Ohio ordered to get rid of gerrymandered districts before 2020 election

Current congressional districts in Ohio, including duck-shaped District 4 held by Jim Jordan, and the "snake by the lake" District 9 held by Marcy Kaptur.

By JAN LARSON McLAUGHLIN

BG Independent News

Ohio’s congressional districts – including those shaped like a “snake by the lake” and another like a duck – were found unconstitutional Friday by a federal court.

State leaders, who were already planning to work on redistricting after the 2020 U.S. Census, have now been ordered to draw new districts by June 14 so they are in place for the 2020 election.

“I think this is really good news for the voters of Ohio,” Mike Zickar, head of the Wood County Democratic Party, said late Friday afternoon. “Now we won’t have districts that are preordained.”

A three-judge panel of the U.S. District Court in Cincinnati ruled unanimously that the congressional district boundaries were manipulated for partisan gain by Republican mapmakers and violates voters’ rights to democratically select their representatives. The ruling blocks Ohio from holding another election under the current map.

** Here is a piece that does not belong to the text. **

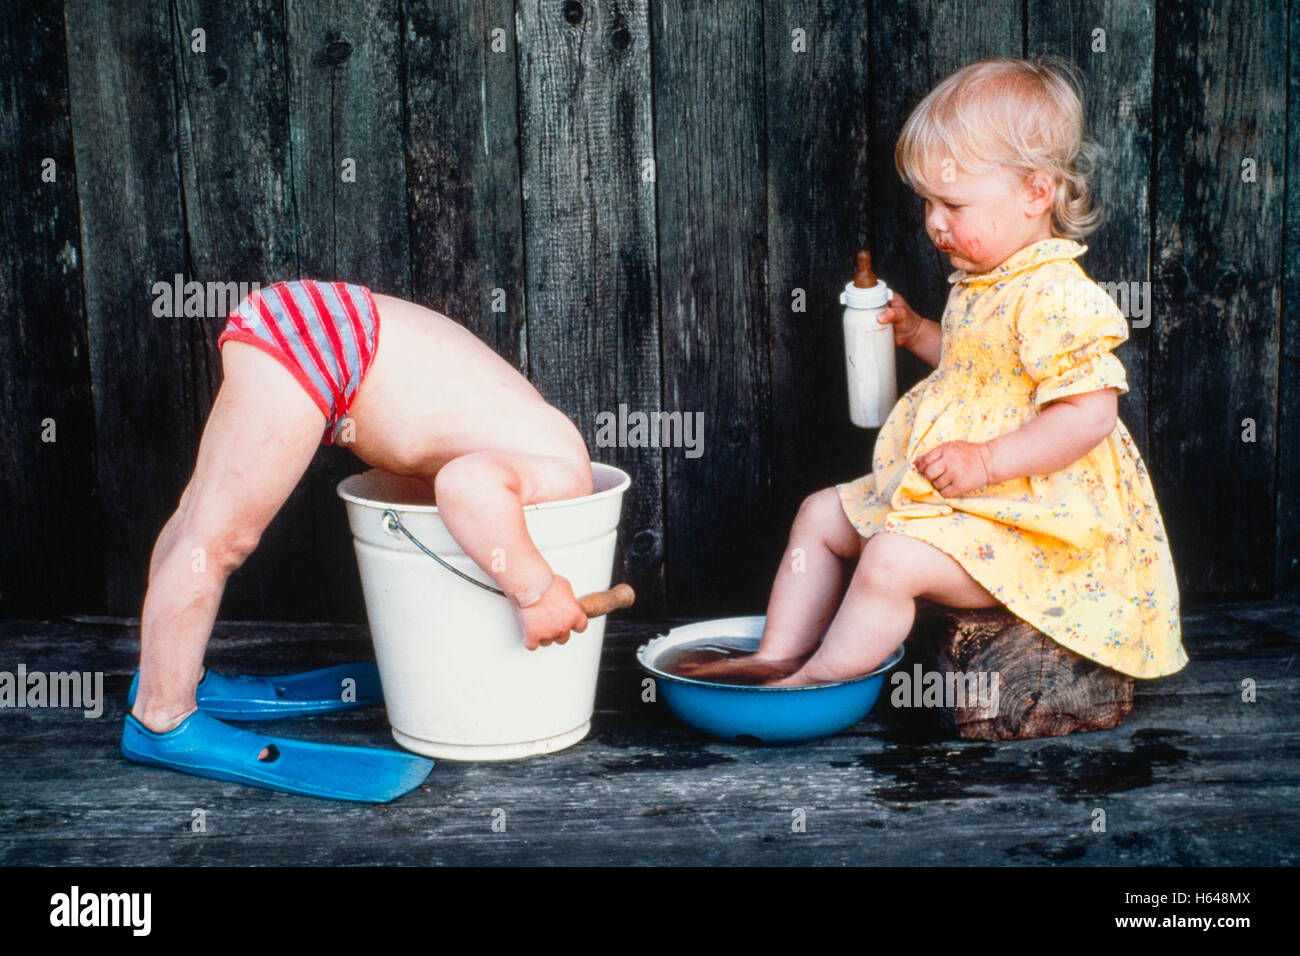 Drei Jahre alten Mädchen badet ihre Füße, junge steckt Kopf in Eimer,  Österreich Stockfotografie - Alamy

But Republican leaders aren’t planning to let the ruling go unchallenged. Also on Friday afternoon, Ohio Attorney General Dave Yost said an appeal will be filed with the U.S. Supreme Court.

“Ohioans already voted to reform how we draw our congressional maps,” Yost wrote in a press release. “This protracted opinion takes that decision out of the hands of the people and is a fundamentally political act that has no basis whatsoever in the Constitution. Ohio will seek a stay of this decision and appeal it.”

However, citizens who have been pushing for years for fair congressional districts welcome the federal court order that could clean up the boundaries before the next members of congress are elected.

“I think it’s extremely important,” said Joan Callecod, of Bowling Green, who worked with the local League of Women Voters to get the district lines redrawn. “It would be for more fair elections.”

Callecod and others collected signatures to get the issue put on the statewide ballot last year. The majority of Ohioans voted in agreement that the districts needed to be changed.

Congressional districts in red elected Republicans, and blue elected Democrats.

Some of the testimony that convinced the federal court this week included the results of the 2018 general election. Congressional Democrats nationwide had a good year in 2018, gaining 40 seats. However, in Ohio Republican congressional candidates managed to hold onto 75 percent of Ohio’s House seats while getting just 52 percent of the vote total.

Voters’ rights and Democratic groups sued Ohio Republican officials, pointing out that redistricting completed after the 2010 Census yielded a statewide map that has produced an unmovable 12-4 Republican advantage in Ohio’s delegation.

The suit called Ohio’s current map “one of the most egregious gerrymanders in recent history.”

Republicans said the map was drawn with bipartisan support, and noted that a new map will be drawn anyway after the 2020 Census.

But the court said Ohioans shouldn’t have to wait that long for a fair map.

Callecod predicted all the congressional districts will see modifications.

“It’s going to change the boundaries for all of them,” she said.

And both Zickar and Callecod are hoping the changes will rid Ohio of gerrymandered districts, which manipulate the congressional lines to benefit one political party or the other.

“In partisan gerrymandering, the legislators choose their voters. The voters don’t choose their legislators,” Callecod said.

Regardless of which party benefits from gerrymandering, the system is wrong, Callecod said.

The ultimate goal is to get congressional district lines drawn so that the elections aren’t decided before the votes are cast.

“The districts will be more competitive,” Zickar said.

Zickar also predicted some changes to Congressional District 5, which covers Bowling Green and is held by Republican Bob Latta. That change may come as a more reasonable district is drawn for Congressional District 9, held by Democrat Marcy Kaptur. Kaptur’s district was mangled into the “snake by the lake” the last time it was redistricted.

“Congresswoman Kaptur’s district is absurd,” Zickar said. “There’s a good possibility Kaptur’s district will come down into Wood County again.”